Près du Père Lachaise pendant plus d’1 an un homme a vécu, je dis bien vécu dans une cabine téléphonique!!!Lorsque l’on voit la prétention de certaines tombes de son proche voisinage ça laisse rêveur…
Et pourtant dans l’amoncellement de son bazar, dans la dite cabine, on pouvait voir des livres, ultime affirmation que l’on ne l’avait pas encore réussit à le remmener à un statut de bête.
erhbd
4 février 2012
hé almira, t’es sur rézo ma poule!
congrats!
^^
Almira Gulsh
5 février 2012
gné??
donde?
LE LIEN LE LIEN
Samuel
4 février 2012
Étrange, cette histoire de SAMU social et de nationalité. C’était quand ?
A priori, les agents ne demandent pas ce genre de trucs. Il y a eu un court moment, l’hiver dernier, où un préfet ou un ministre avait voulu instaurer ce type de « préférence nationale ». Ça avait provoqué un tollé et l’idée avait été abandonnée. Depuis, personne n’est sensé demander ses papiers à un sans-abris pour un hébergement d’urgence.
Almira Gulsh
9 février 2012
(même punition et même réponse que pour le com de Uzuk)
Uzuk
5 février 2012
Ça me semble quand même un peu étrange, ce passage de l’appel au 115. Bref, une info que je vais tenter de recouper.
Almira Gulsh
9 février 2012
ton com était passé en indésirables… d’ou ma réponse tardive!
c’était à marseille, en 2010 je crois… (je ne me rappelle plus précisément).
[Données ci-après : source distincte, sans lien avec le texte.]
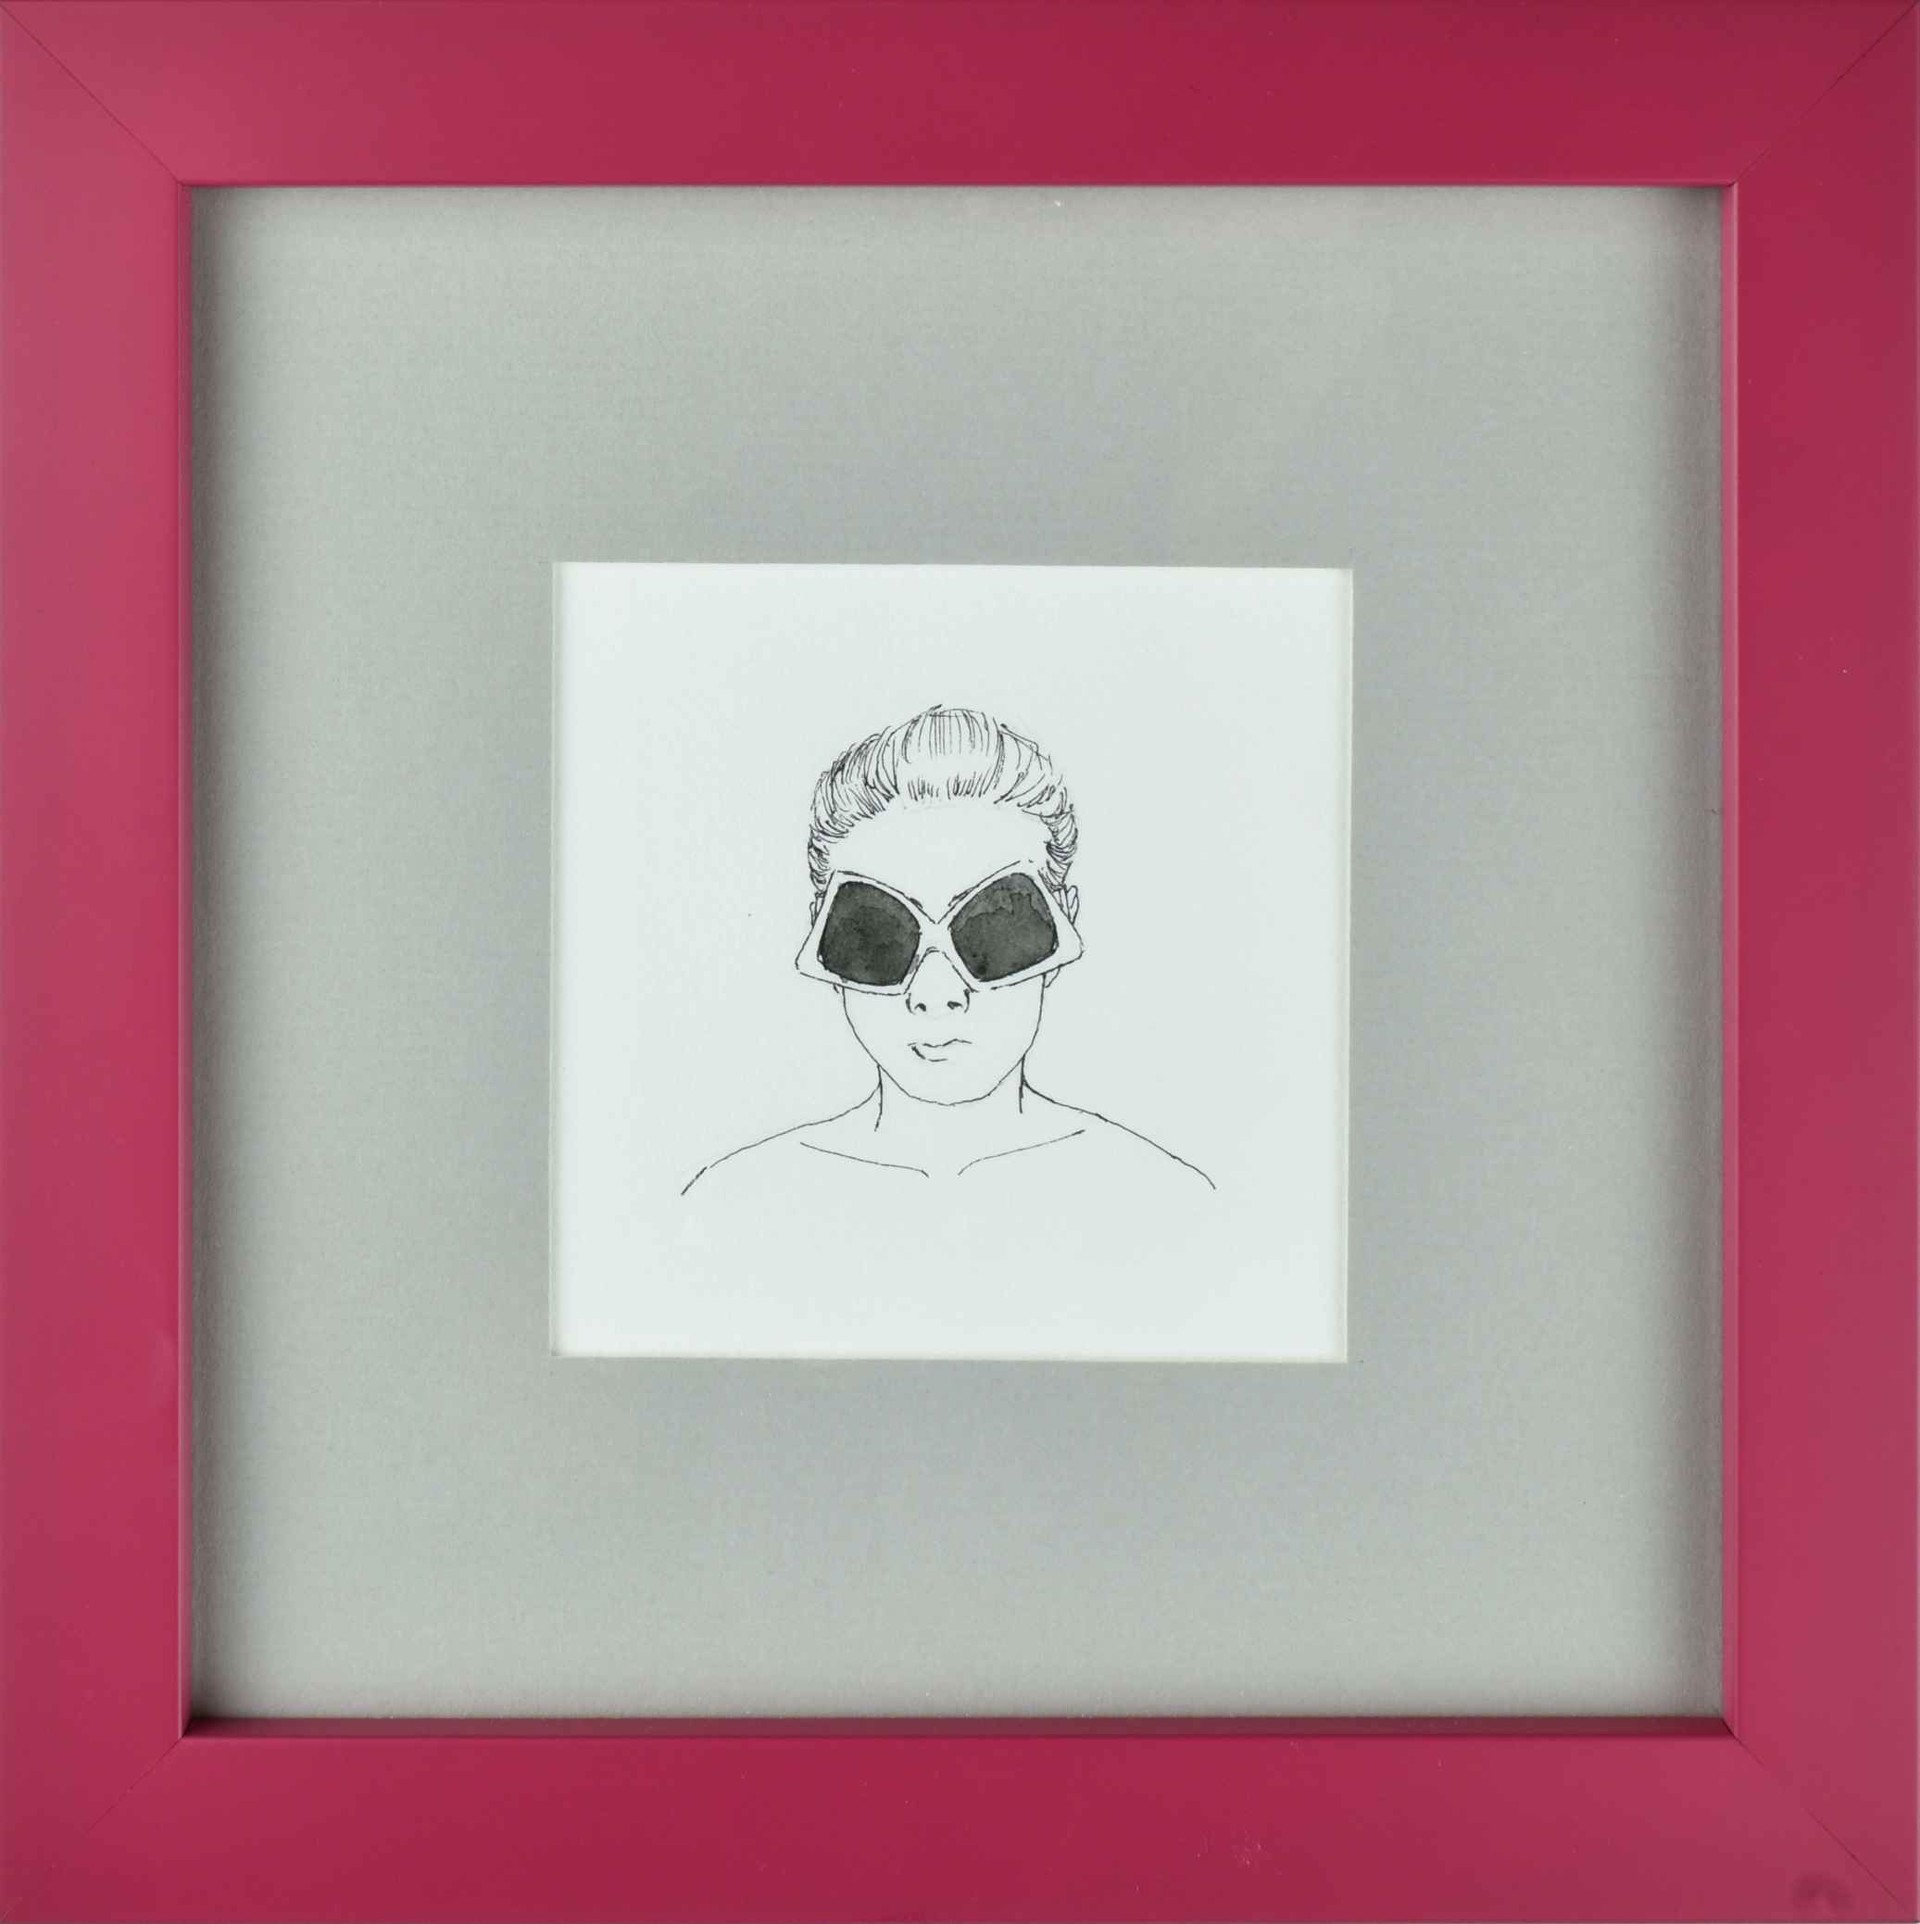 Sunglasses 3 by Jill Hakala

Par contre je peux jurer sur la tête de Claude Guéant (comment ça on va pas y croire?) que le standard m’a demandé les papiers de l’homme pour qui j’appelais. Est ce une erreur de la standardiste? une réponse à des directives? Je pense que je saurais jamais. Mais chat échaudé craint l’eau froide. Je ne les appellerai plus. Je préfère me tourner vers d’autres structures, plus humaines.
erhbd
6 février 2012
rézo. portail informatif « des copains » :
http://rezo.net/
(t’es référencée sur les choses à lire du 4 février. congrats. c’est pas tout le monde. laule)
jib
6 février 2012
Si tu veux un truc à faire, je sais pas où t’habites, mais trouves le numéro du standard de la croix-rouge et signales-leur ton type. Ils tournent la nuit dans toutes les grandes villes, ils ont toujours des trucs à bouffer, des renseignements, quelques places réservées dans des accueils de nuit… Et je te jure qu’ils ne demandent pas de papiers, eux.